Feb. 11, 1964 - Britain’s Beatles turned the U.S. capital into bedlam tonight, putting on a show for 8,000 shrieking, jumping teenagers at the Washington Coliseum. Only an eight-inch snowfall just before the performance saved the city from even worse chaos. President Johnson’s two daughters, Lynda Bird, 19, and Lucy, 16, did not show. “Too much homework,” a White House aide explained.

The huge arena rocked with ecstatic screams and shouts of glee. “Ooh, here they are!” went the cry as the four British mopsters appeared in the Coliseum. They got a shrill ovation from the throng which had bought hundreds of “I Love Beatles” buttons. Many fans sported the Beatles’ mop-top haircut. Others wore Beatle wigs.

When the Beatles arrived at Union Station from New York, about 300 fans greeted the barnstorming Britishers. “Hold my hand, hold my hand!” shrieked one teenaged girl to Paul McCartney. When he obliged, she squealed ecstatically, “He touched me! He touched me!”

Asked at a press conference how long he thought Beatlemania might last, McCartney answered: “As long as you keep on coming.”

Did the Beatles invade America out of a “sense of revenge?” “No,” said Ringo Starr. “We just came for the money.”

The weather gave many Washington area parents an excuse to say “no” to enthusiastic youngsters who had already bought tickets to the sold-out Coliseum, even if they couldn’t get their money back. The absentees were hardly missed, however, as thousands of other kids yelled, cheered, and stamped their feet. “The audience itself is always the best part of the show,” observed one British newsman.

A check of Government agencies by the New York Daily News showed that Uncle Sam had absolutely no plans to defend the capital against the hysteria generated by the Beatles. “We ought to have, but we don’t,” a Pentagon spokesman said.

“Beatlemania? That would be a matter for the Public Health Service,” said an aide to Secretary of Health, Education, and Welfare Anthony Celebrezze.

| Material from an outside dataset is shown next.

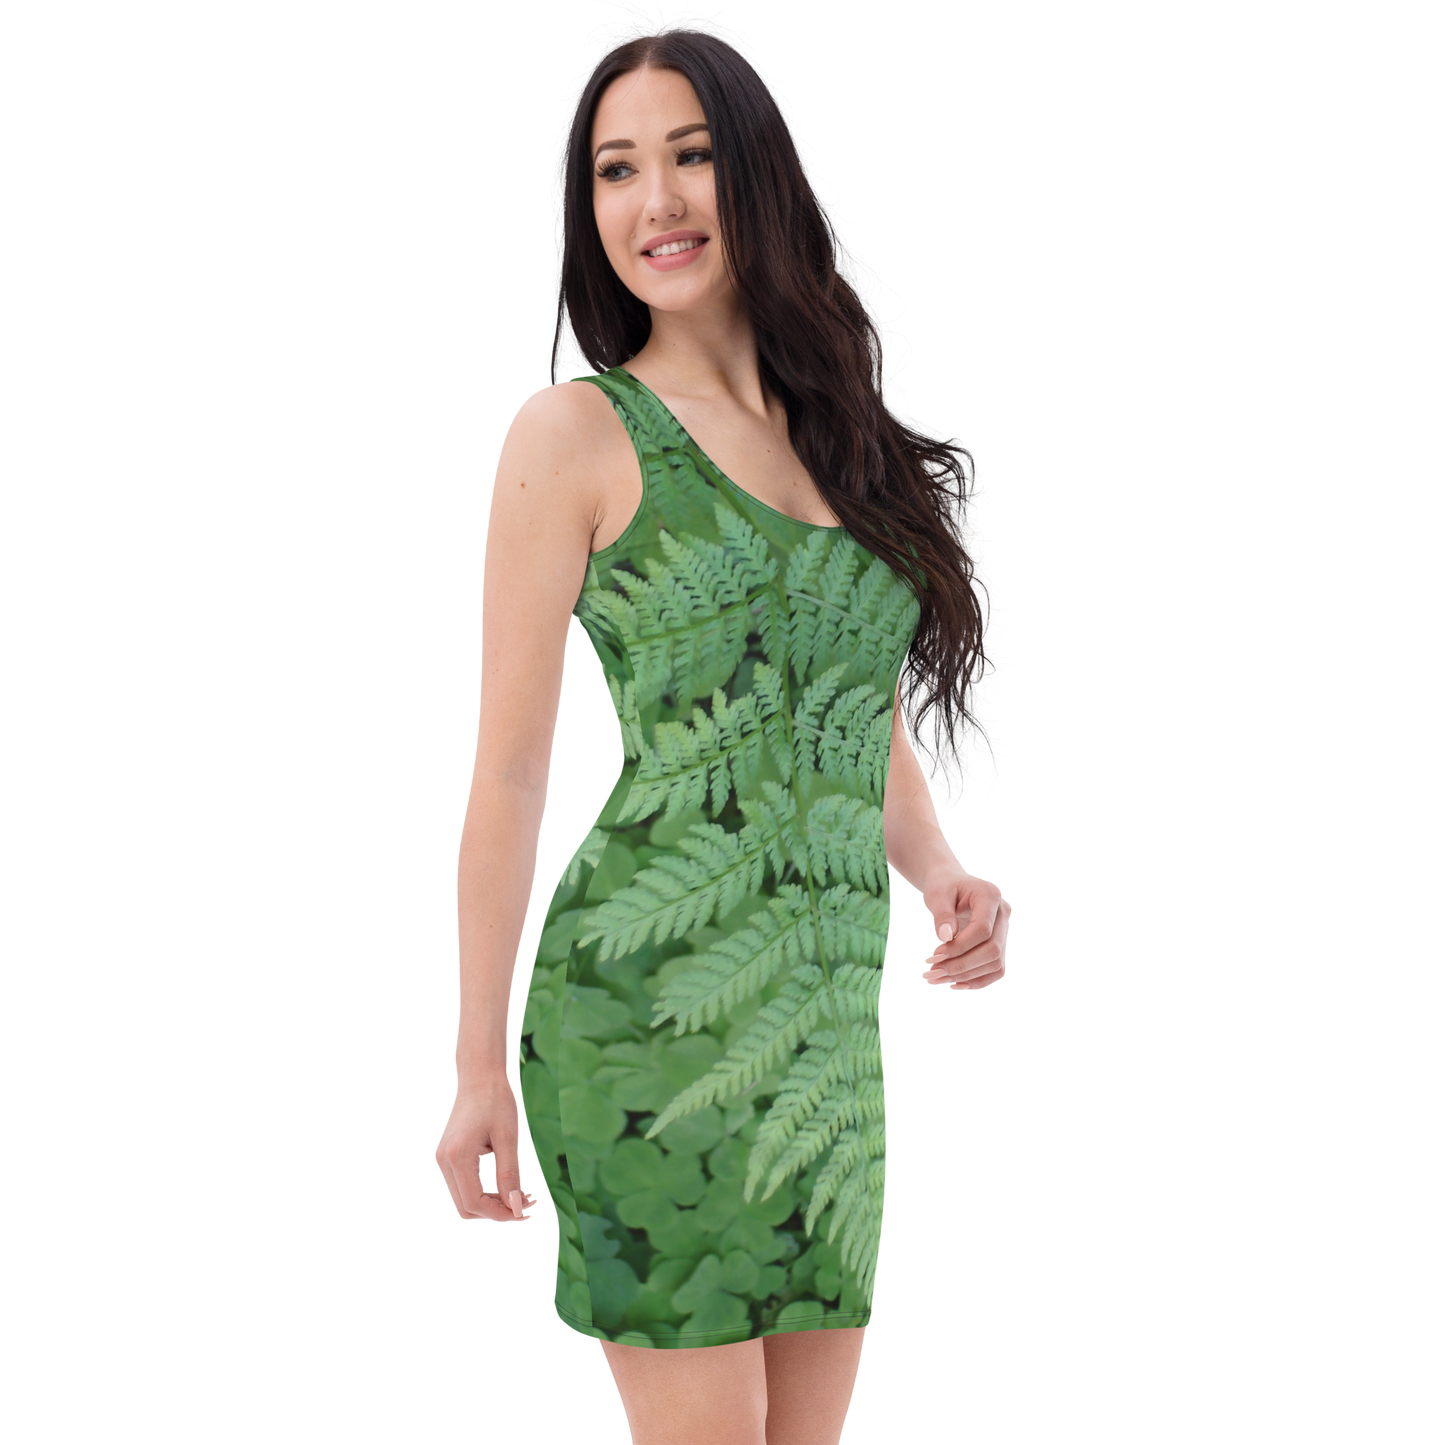 The EARTH LOVE Collection - "A Forest Fern" Design Tank Dress

“We do not anticipate any serious damage to relations between the U.S. and Britain,” said a State Department spokesman.

A Treasury aide was frankly worried about the “gold drain” caused by the Beatles, who may take out as much as $2 million in profits on record sales and personal appearances during this 10-day tour. “But I don’t see anything we can do about it,” the Treasury man said. “This is just massive retaliation for what our citizens — Elvis Presley, Frank Sinatra, and the rest — have been doing to foreigners for years.”